Я проведу за решёткой почти полжизни, и у меня нет шансов выйти на свободу раньше: я сижу за терроризм.
Что? Уже готовы захлопнуть книгу и забрызгать её страницы ядовитой слюной? Да, я террористка, да, так меня назвали ваши судьи, да, так называете меня вы. А для моего народа, я почти национальная героиня, и была бы его воля, мне бы поставили шикарный памятник в самом центре моего родного села.
Вы скажите: «Ты - убийца! Убийцам не ставят памятники!» Я не убила ни одного человека. Да, я перевозила взрывчатку для теракта, но от неё пострадал только сапёр, пытавшийся её обезвредить, но это ведь его работа! Я всего лишь перевозила взрывчатку, а мне дали двадцать пять лет!
Двадцать пять лет молодости. Когда я выйду из тюрьмы, мне будет пятьдесят. У меня не будет семьи, детей, внуков, я умру в полном одиночестве, и меня похоронят в безымянной могиле. От меня будут шарахаться и взрослые, и дети. Меня будут бояться, меня назовут ведьмой, и каждый будет показывать пальцем в мою сторону и заговорщически шептать: «Она сидела…»

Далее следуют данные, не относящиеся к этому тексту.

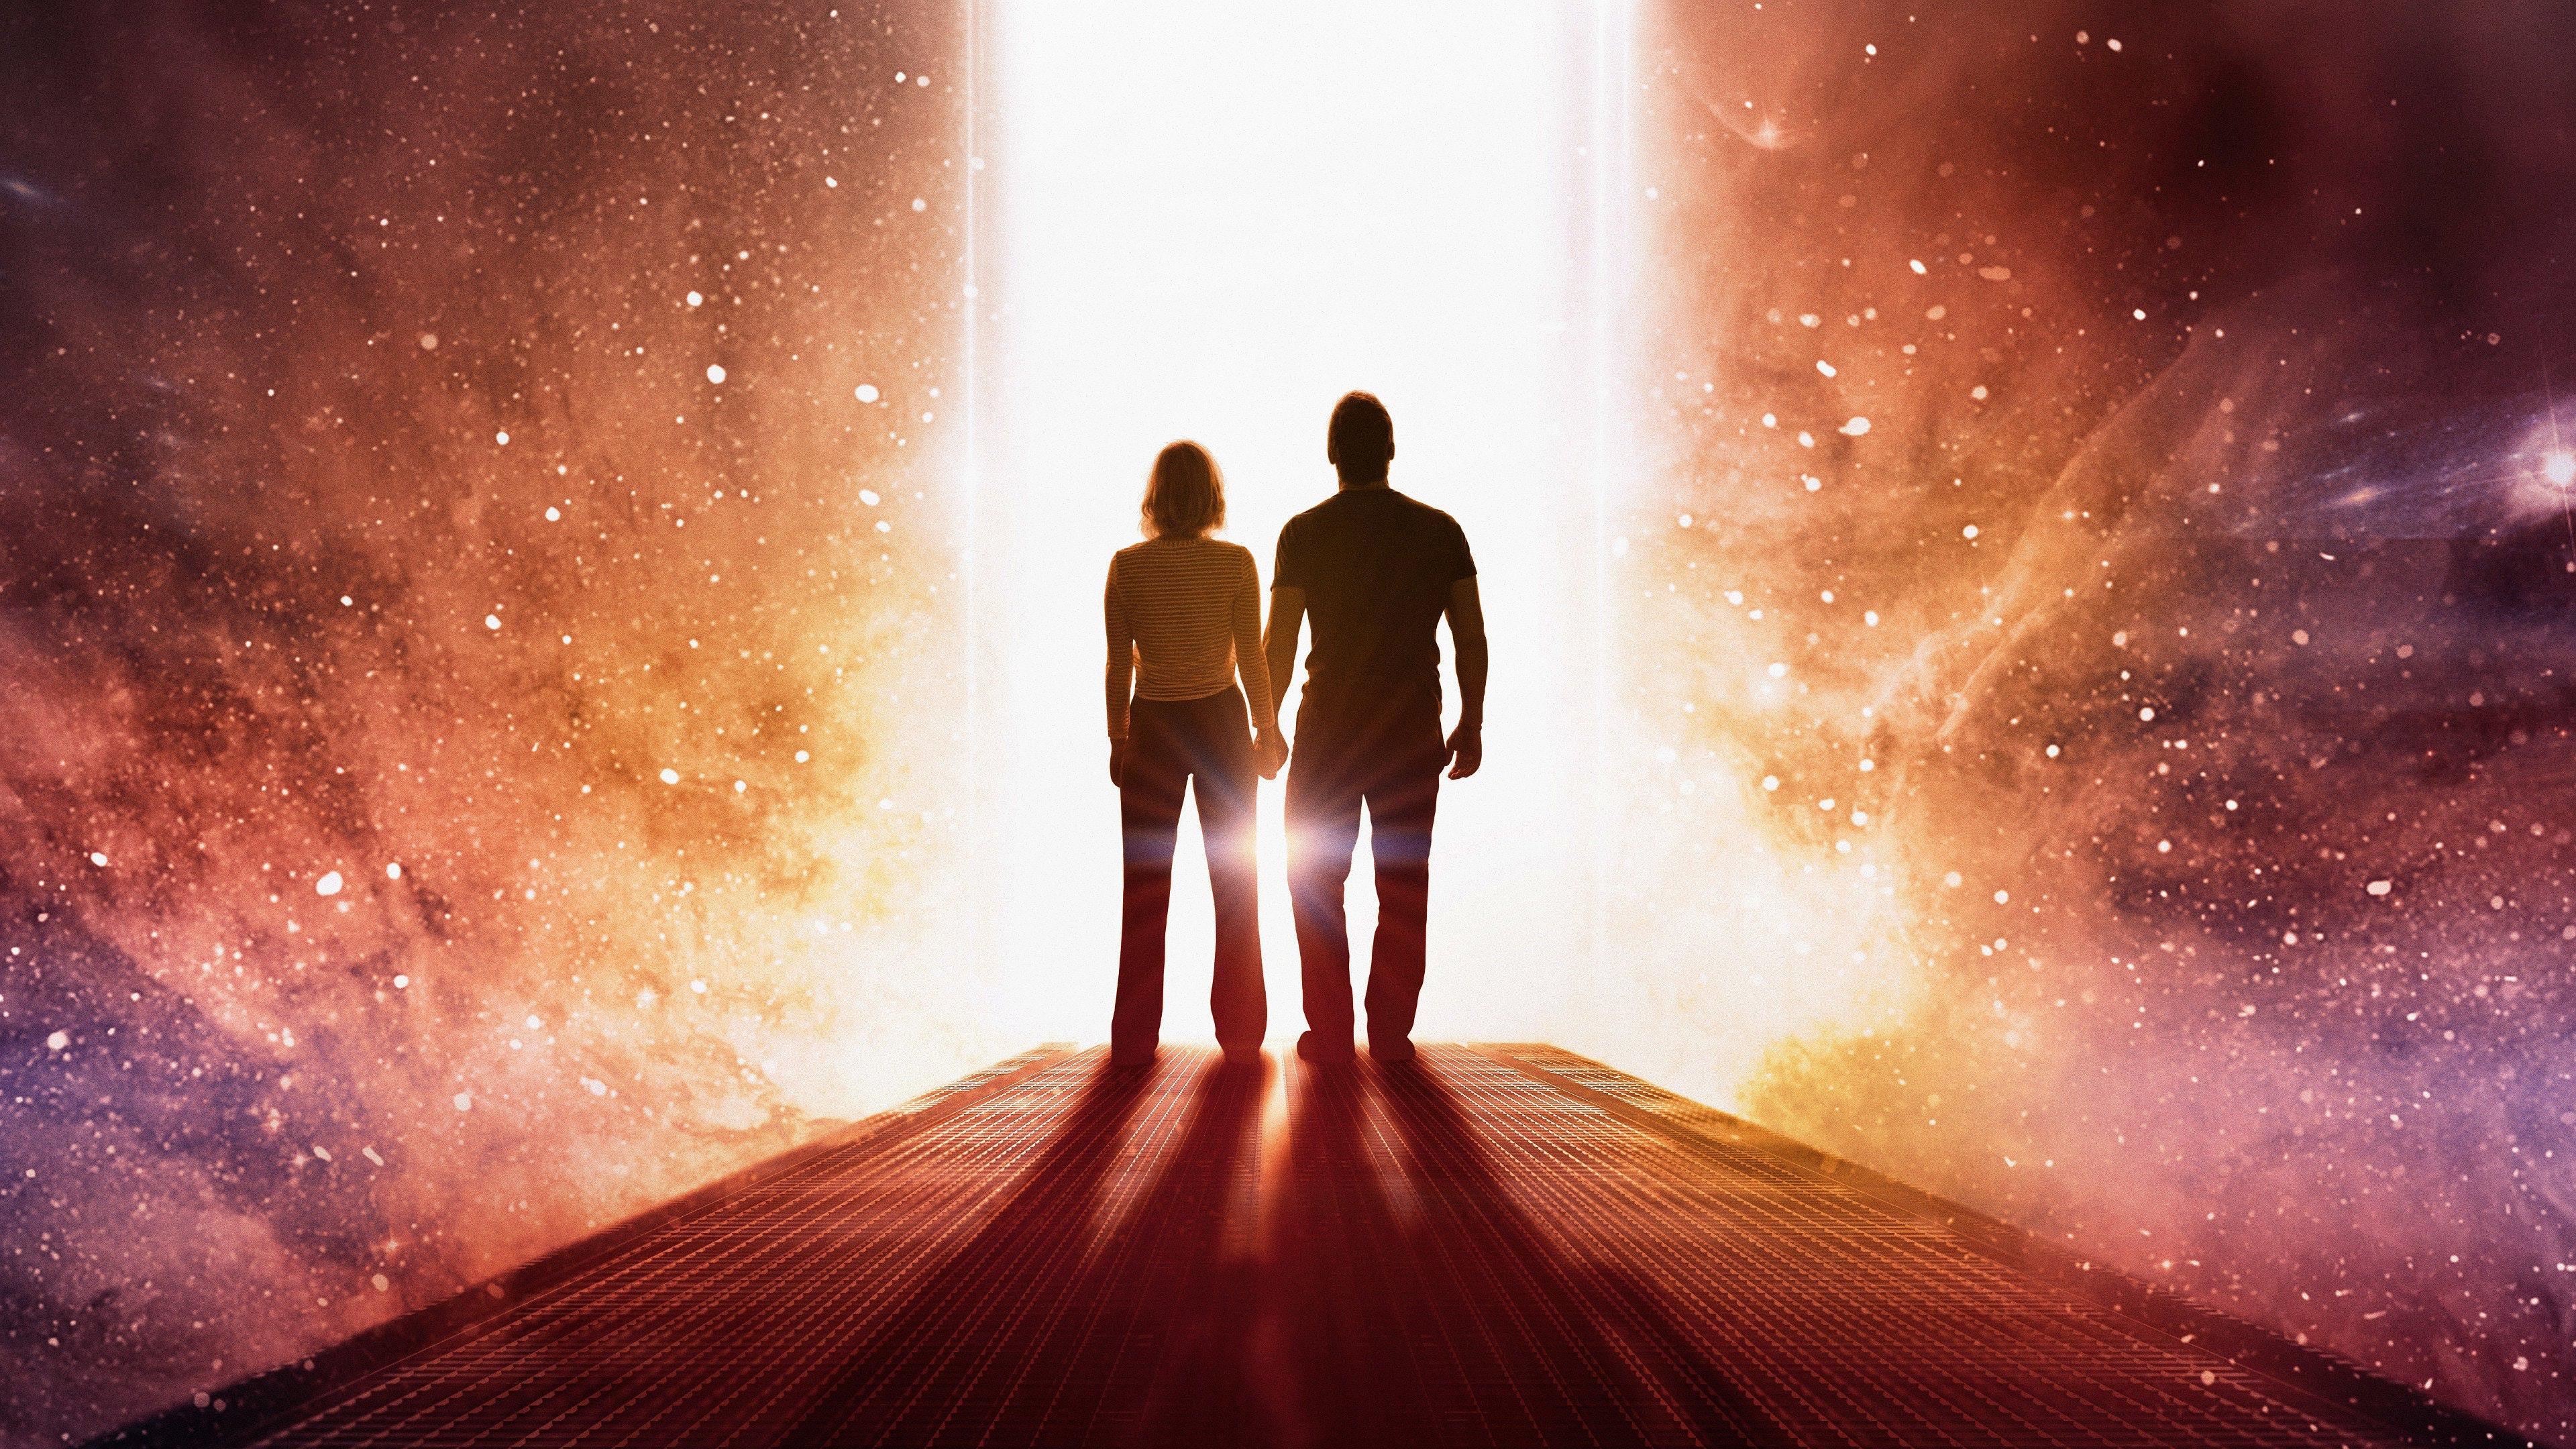 Passengers (2016) Soundtrack

Вы поставили на мне клеймо, Вы лишили меня всего того, что имеете сами. И за что? За то, что я всего лишь один раз ошиблась?
***
Мне осталось жить пять минут, может чуть больше… Вообще это очень удобно, когда точно знаешь, когда умрёшь. Можно успеть основательно попрощаться с жизнью. Только вот как с ней прощаться? Этому ведь не учат ни в одном учебном заведении, а забавный бы был предмет: «основы прощания с жизнью». Наверное, нужно попрощаться с мамой, папой, родиной, женой, детьми… А что делать человеку, мать и отец которого умерли от тифа, родина которого прокляла его и выкинула из своей жизни, как мусор… Жены у меня не было, мои дети не родились и никогда уже не родятся. Мне не с чем прощаться и нечего терять. Жизнь моя прошла напрасно… Всё кончено, хотя ничего и не было. Не было этого – всё. Что-то было, но что-то всё не то, не так…

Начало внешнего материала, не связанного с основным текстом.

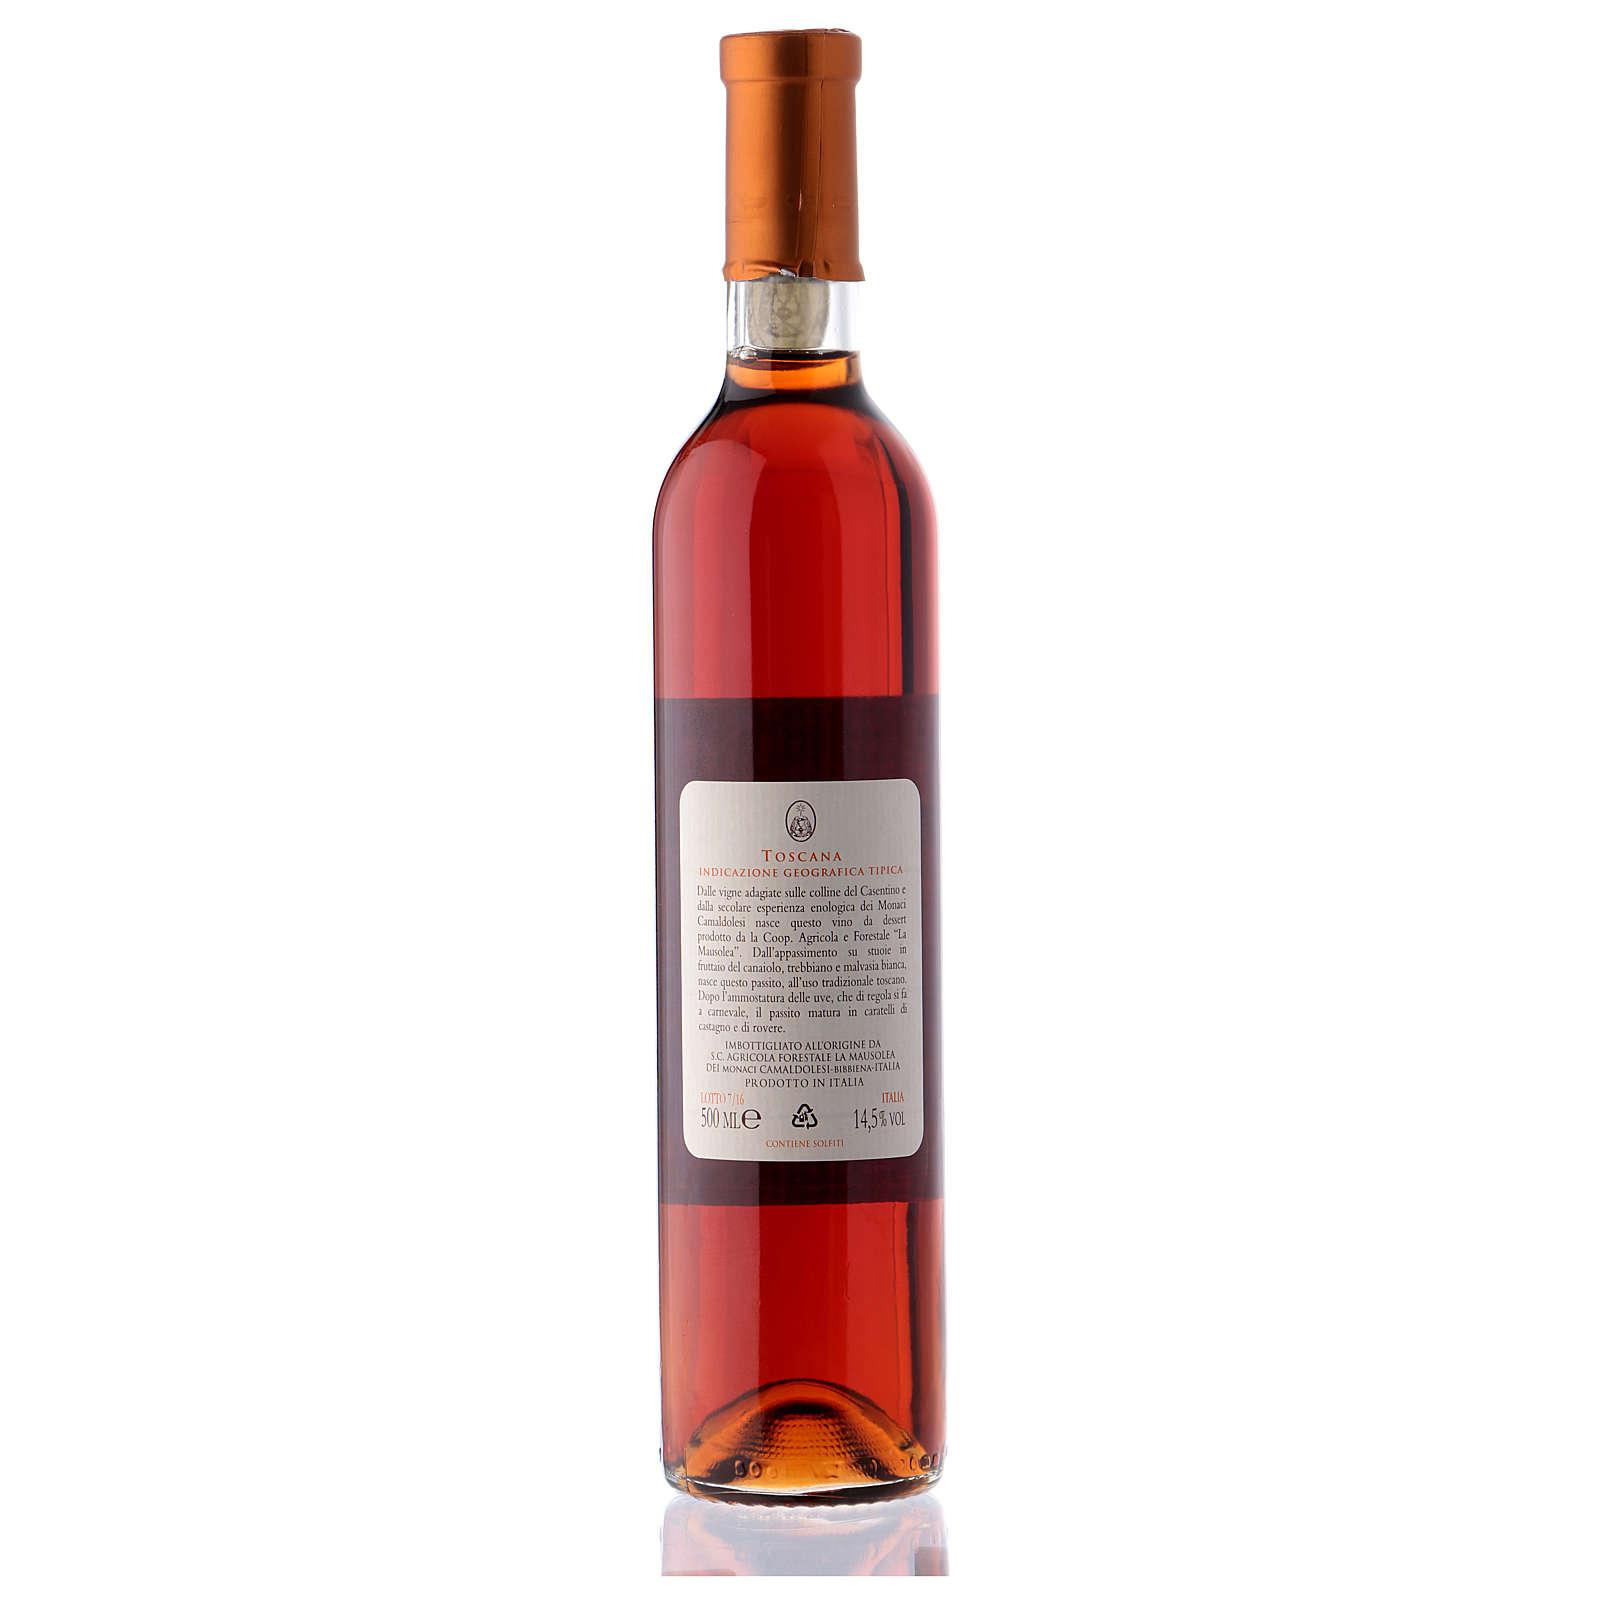 Vinho passito toscano Borbotto 500 ml 3

Вся жизнь, особенно последние несколько лет - кровавый туман перед глазами. И смерть походит на жизнь, как две капли воды. Это забавно. Сейчас я стою в длинной очереди на расстрел. Рядом со мной стоят живые люди, у каждого своя судьба, но у всех этих судеб один и тот же конец - пуля в голову, если повезет, конечно.
Огромная машина поглощает сотни людей. У командира уже болит рука, отдающая приказы, он всё чаще отдыхает, даря обречённым последние минуты жизни. Выкопанный утром ров к полудню уже завален трупами, песок под ногами пропитан кровью. Смерть, кругом смерть, такая разная, такая чужая…
А какой будет моя смерть? Неужели мне просто раскроит череп, и мои мозги разлетятся по округе? Я не хочу так умирать. Я хочу по-другому, хочу иначе… Надо подготовиться, надо собраться с мыслями, надо…

***
Знаете, у меня не было выбора. И не надо мне говорить, что он есть всегда. Поверьте, иногда его действительно не бывает.
Да, конечно, я могла отказаться, но у нас не принято отказываться от предложений, подобных тому, что сделали мне.
Вот скажите, чтобы вы ответили, если бы к вам пришёл старый знакомый вашего отца, по слухам чей-то полевой командир, и сказал вам:
- Фатима, нам нужно перевезти груз в Москву. Это не противозаконно (слышите: не противозаконно!). Возьмёшься за это дело?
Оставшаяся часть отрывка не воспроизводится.